Silicon facilitation of copper utilization in the rat

An eight-week, 2 x 4 factorial rat experiment using two levels of dietary copper and four levels of dietary silicon was conducted to further delineate a previously observed silicon-copper interaction in which silicon appears to mimic copper in its effect on the composition of the aorta. Dietary copper concentrations were 1.4 (deficient) and 5.4 (adequate) mg/kg diet, and silicon concentrations were 5, 135, 270, and 540 mg/kg diet. Compared with the lowest level of silicon and copper, weight gains were 15.5% higher for rats fed 540 mg silicon/kg diet and 14.3% higher for those fed 5.4 mg copper/kg diet. The growth-promoting effects of silicon and copper were additive. Evidence that silicon elevated the copper status of copper-deficient rats includes an increase in packed-cell volume by 540 mg silicon/kg diet in the otherwise packed-cell volume-depressed, copper-deficient rats, accompanied by a trend toward higher hemoglobin values and lower relative heart weights. In the copper-adequate rats, evidence that 540 mg silicon/kg diet elevated their copper status includes a two-fold increase in the blood-plasma copper concentration, a three-fold increase in ceruloplasmin activity, and an increase in cardiac, renal, and hepatic copper concentrations. In addition, 540 mg silicon/kg diet resulted in higher aortic dry mass and aortic elastin content in both copper-deficient and copper-adequate rats. While dietary silicon concentrations of 135, 270, and 540 mg/kg diet were all effective in increasing aortic elastin in the copper-adequate rats, only 540 mg silicon/kg diet increased aortic elastin in the copper-deficient rats. These data indicate that some of the metabolic effects attributed to silicon may be manifested through a silicon-facilitated increase in copper utilization.

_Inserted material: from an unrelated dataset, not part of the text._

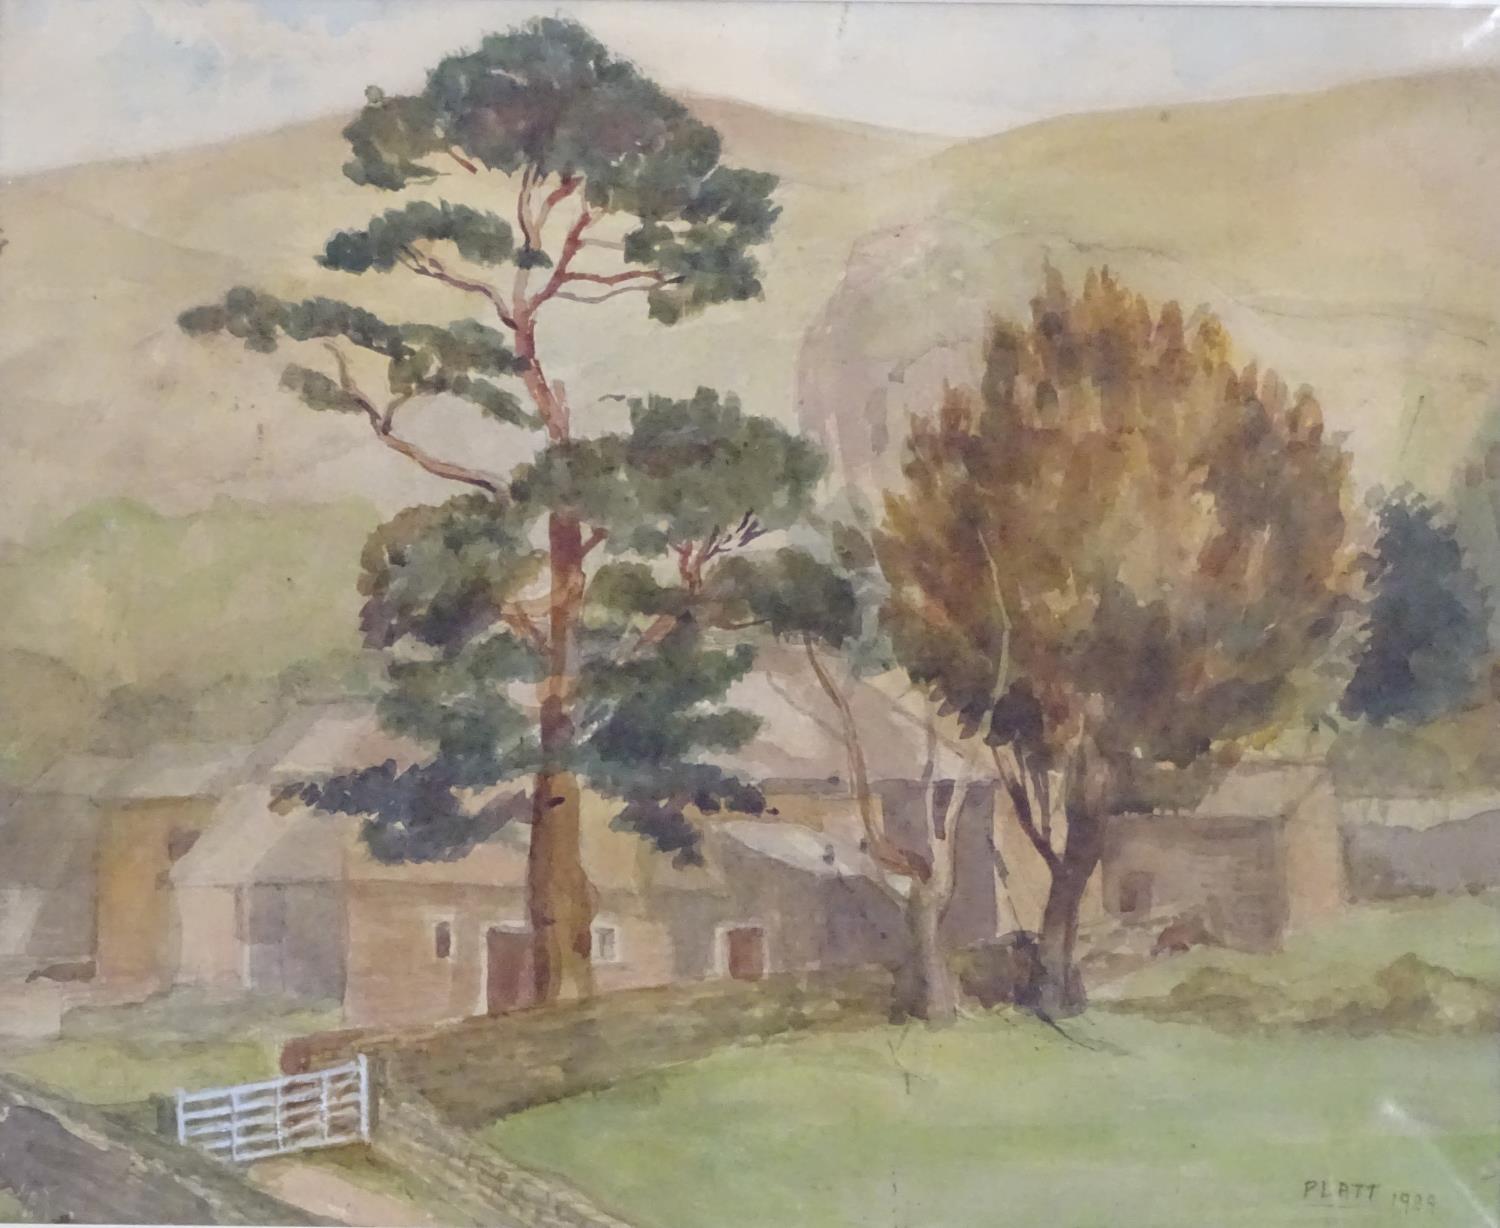 Joyce Platt, XX, Watercolour, Study for Creswick, A farmstead in a landscape with hills beyond. - Image 3 of 6

Interactive effects of dietary silicon, copper, and zinc in the rat

A factorial rat experiment using two dietary concentrations each of copper, zinc, and silicon was conducted to identify areas in which interrelationships involving silicon may exist. The concentrations used were (mg/kg of diet): copper, 1 and 5; zinc, 2 and 12; and silicon, 5 and 270. An antagonism between silicon and zinc, whereby increases in dietary levels of either one resulted in a reduction in blood plasma concentrations of the other, was demonstrated. The depressing effect of silicon on plasma concentrations of zinc and on alkaline phosphatase occurred only in zinc-deficient rats. However, silicon had no effect on growth. Effects on aortic composition, interpreted as beneficial, accompanied increases in the silicon content of copper-deficient diets. Silicon-dependent increases in the chloroform-methanol extractable fraction of aorta closely approximated a similar response to copper. High dietary silicon increased aortic elastin in copper-deficient rats when dietary zinc was adequate. The aortic effects of silicon, while mimicking the gross effects of copper, occurred in the absence of any silicon-related changes in blood copper concentrations. Interrelationships of silicon with other elements, particularly copper and zinc, may warrant consideration in future nutritional and metabolic studies.